It isn’t a secret that in previous years and following a long year of COVID there is a pipeline crisis where many employers are struggling to meet demand due to a lack of personnel. This lack of workers has affected many industries pushing companies to be innovative in their hiring practices and marketing strategies. This includes prioritizing work life balance, flexible work hours, and the hybrid work model allowing people to work from home some days to grab the attention of those seeking out jobs and increase retention. In specific, there has been a massive national shortage of photonics and electronics technicians and engineers. To help solve this problem, Stonehill has introduced their Lab for Education and Application Prototypes.
This lab is located right by Stonehill’s campus in Easton, Massachusetts and is open to students’ part of the Advanced Manufacturing & Integrated Photonics Program which allows students to earn a technician certificate offered in partnership with Bridgewater State and those in the undergraduate photonics program. Photonics, the science and technology of generating, controlling, and detecting photons (particles of light) is expanding making that need for technicians and engineers that much more dire. As the need grew, the idea was to move programs like this from government laboratory research cleanroom spaces and into smaller environments with a workforce of baccalaureate engineers and technician staff. Stonehill is just one of four locations of LEAP aiming to equip students with the skills and experience to be able to succeed in this industry – the others located at MIT, WPI/QCC, and Western New England University.
Introduced in the summer of 2020, this program at Stonehill offers students the chance to make time their biggest asset and earn their undergrad degree and technical certificate in integrated photonics simultaneously. Grants have provided this lab with $2.4 million in equipment focused on high-speed photonics and material characterization which will enable device performance, improve device yield, and avoid long-term device and system failures. All of this enables the fabrication of prototypes and the creation of new high-tech integrated photonics manufacturing jobs. Their first cohort just graduated in August 2021.
To continue efforts to bring in new students and get companies partnered with these labs, MassMEP has made it a priority to provide research to help solve these issues and bring awareness to these programs. Truly, this is an area where the products being built could solve the problems we face today that are affecting everyone. After visiting the lab with MassMEP’s Judy Silvia and Sean Killam, Sean shared that “the true story to be told is that at any age, any stage of your life, from any background, you are able to jump into this training opportunity which is subsidized. That is the intent, to continue to provide a cost that is affordable and accessible to everyone in Massachusetts. This could literally transform the trajectory of your career depending on if this is your second career, your first time working in the real world, or someone who is ‘back from the future’ because they know what this can mean for them.

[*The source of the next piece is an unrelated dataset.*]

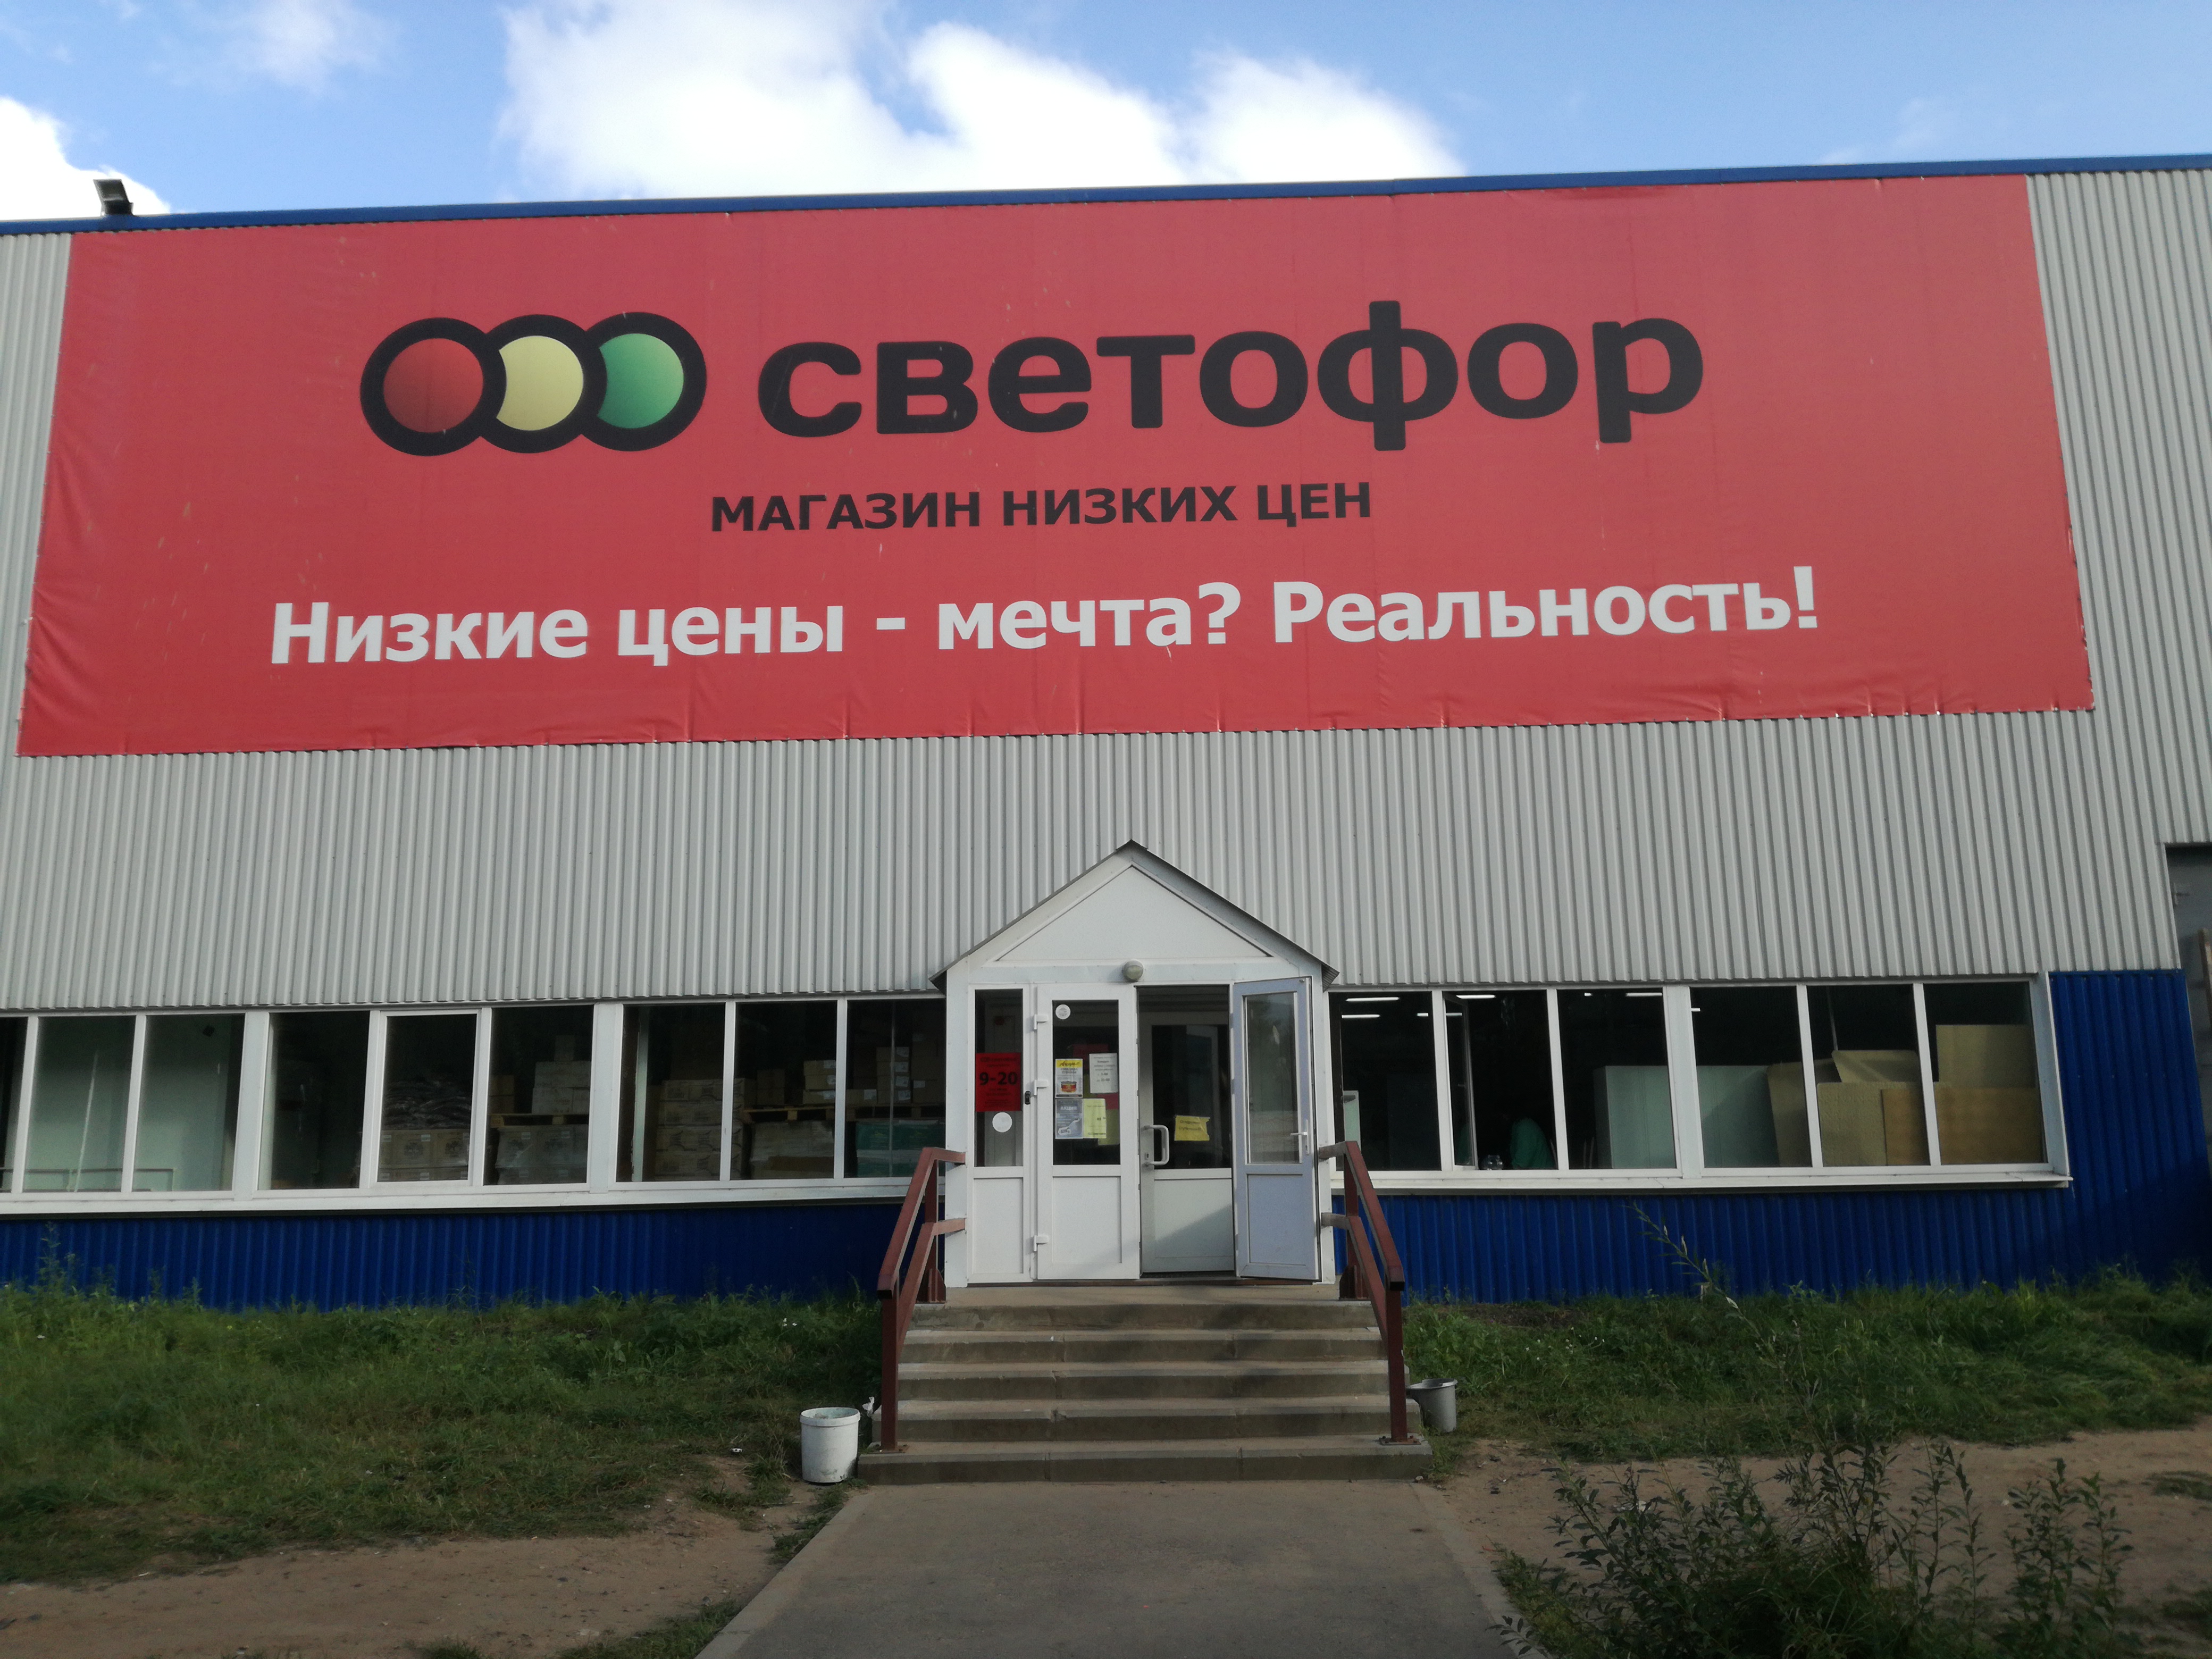 Светофор - магазин низких цен в Ярославле

These companies involved are forward thinking, futuristic companies that are dying to hire these students. The hard work put in here will give them the chance to be first to these jobs and have opportunity for growth giving them the chance to take part in the solutions for the problems we face today.” For one student in particular, this legitimately changed the lives of not one but three people. Being homeless with two infants right in the middle of COVID, this lab at Stonehill gave the opportunity for this parent to not only relocate to an apartment with help from the school, but to get educated and earn interviews upon graduation ensuring a good foundation for both children. By investing in their own future, they created one full of opportunity for the two children. If that isn’t captivating, I’m not sure what is.

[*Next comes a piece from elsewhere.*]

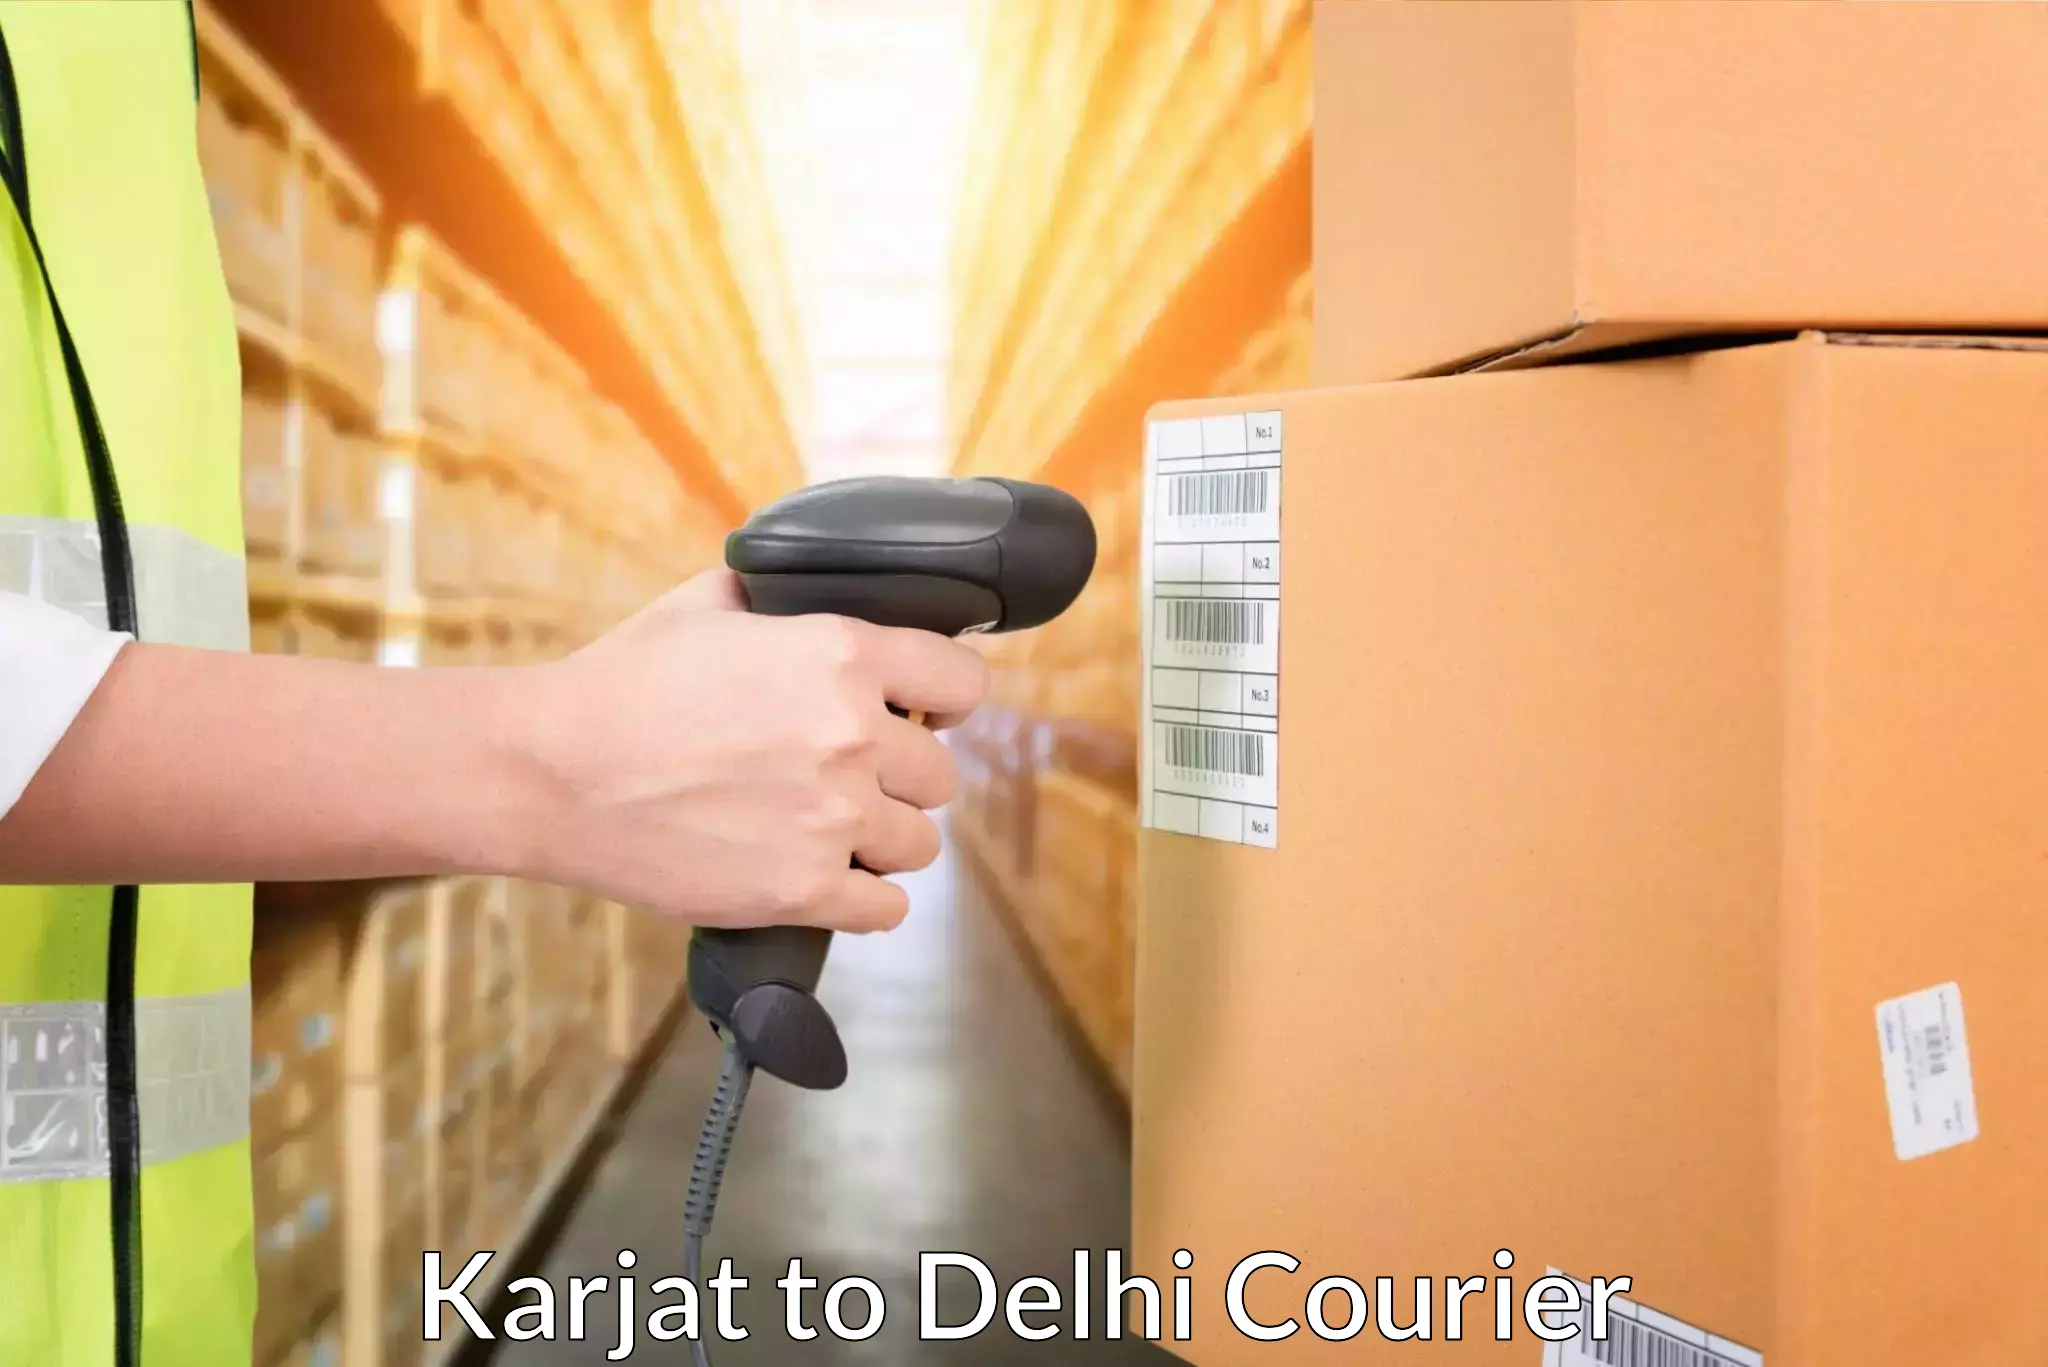 Courier service comparison Karjat to Jhilmil

“As a parent who has a child who is not interested in college, knowing that my child is, wow, going to get a job is nice to know,” was Judy’s take away after hearing that almost 100% of students secured high-tech jobs, even before graduating. Understanding that this opportunity isn’t just for those in a four-year college but for anyone with an interest in advanced manufacturing is a key factor to increasing exposure. Exposing this to more includes Vocational Schools, where students may not even know of programs like these that are available to them. The goal is to increase awareness and expose more people to the opportunities LEAP can bring to their life and society as a whole. You could be next to LEAP into creating a future of endless possibilities and growth. So, let’s grow together.